How is a directory that contains another directory not a path?
-
@Gąska said in So I decided to try to update part of my toolchain...:
Like modules that can have submodules, and each submodule can have its own submodules
This is exactly what I deal with 40 hours a week (when I'm not reading TDWTF). And those submodules may be layered dozens of layers deep.
-
@Gąska said in So I decided to try to update part of my toolchain...:
What if some server fails?

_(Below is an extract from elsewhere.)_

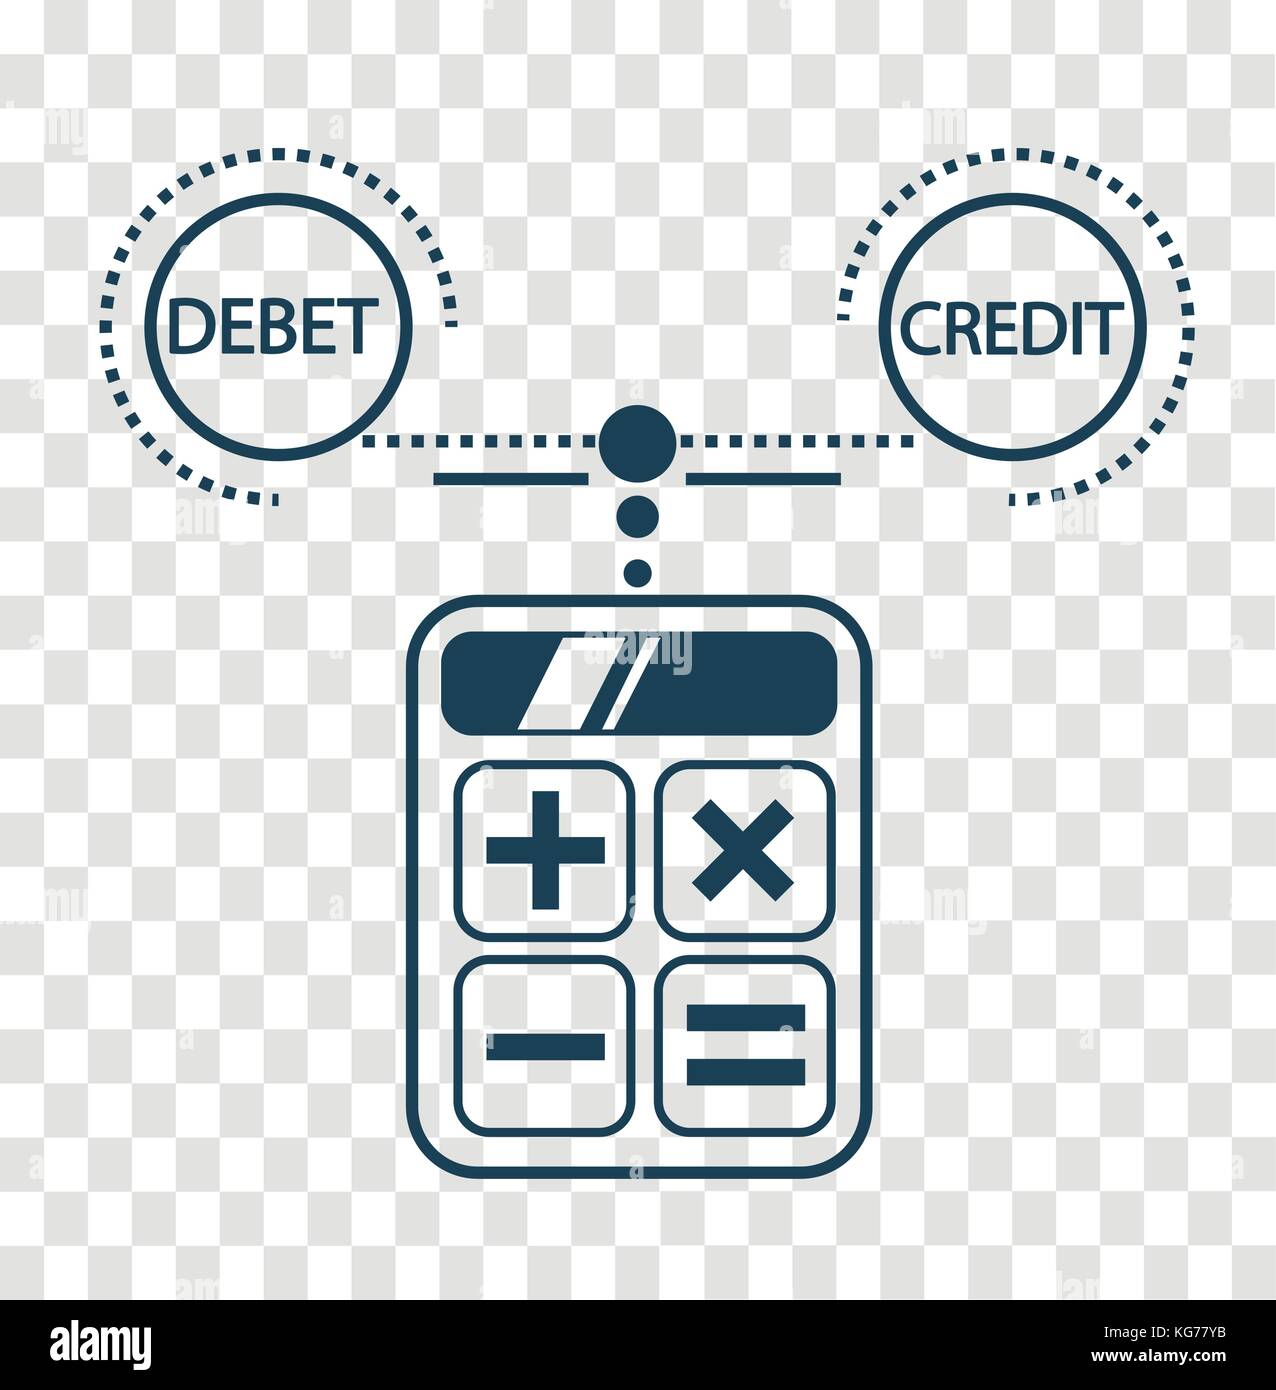 Concepto de cálculo de crédito y débito, balance, la contabilidad en la  forma de calcular una calculadora. Icono, silueta en el estilo lineal  Imagen Vector de stock - Alamy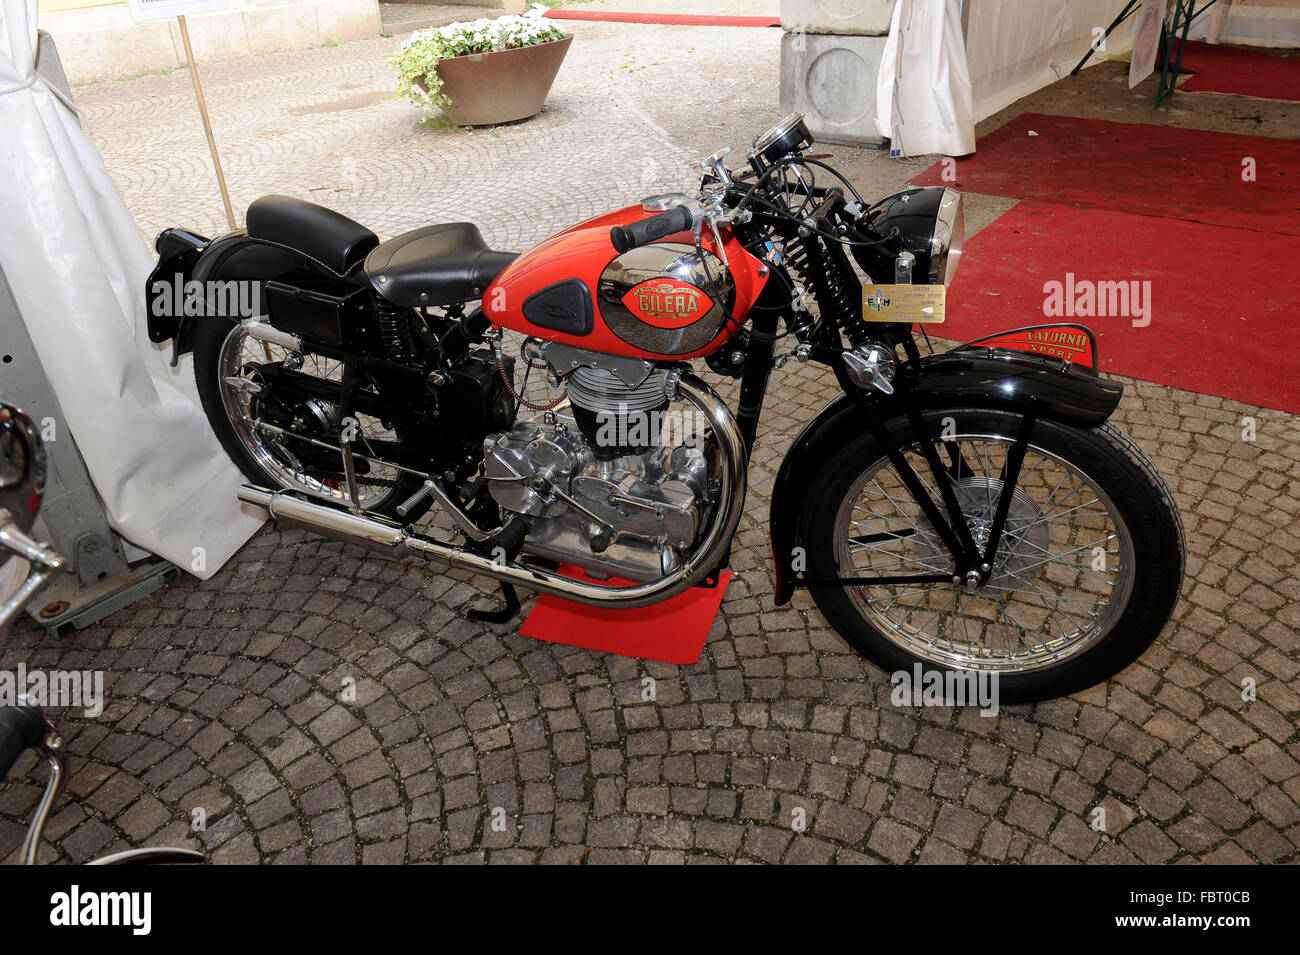 Arcore - Esposizione di modelli storici della fabbrica biciclette Gilera.  Saturno modello 500 Sport 1952 Foto stock - Alamy

Is the entire company unable to build until replacement arrives?
No, but presumably any projects that use those specific tools are unable to build until IT restores to another server and tells the rest of the machines to mount
/tool/foo/bar
fromfileserv2
instead offileserv1
.FWIW, it appears each of the dozens of machines in our server farm has its own copy of
/tool/foo/bar
on a local disk. Almost everything else is served from a single server, which I'm sure must be a cluster, because it's providing hundreds of TB of storage.
-
@Gąska said in So I decided to try to update part of my toolchain...:
@dcon with 128 bits, you can generate million new IDs every femtosecond, and by the time the Sun becomes a white dwarf, you'd still have a good chunk of unused IDs left. For in-partition file identifier, 128 bits really is enough for everybody.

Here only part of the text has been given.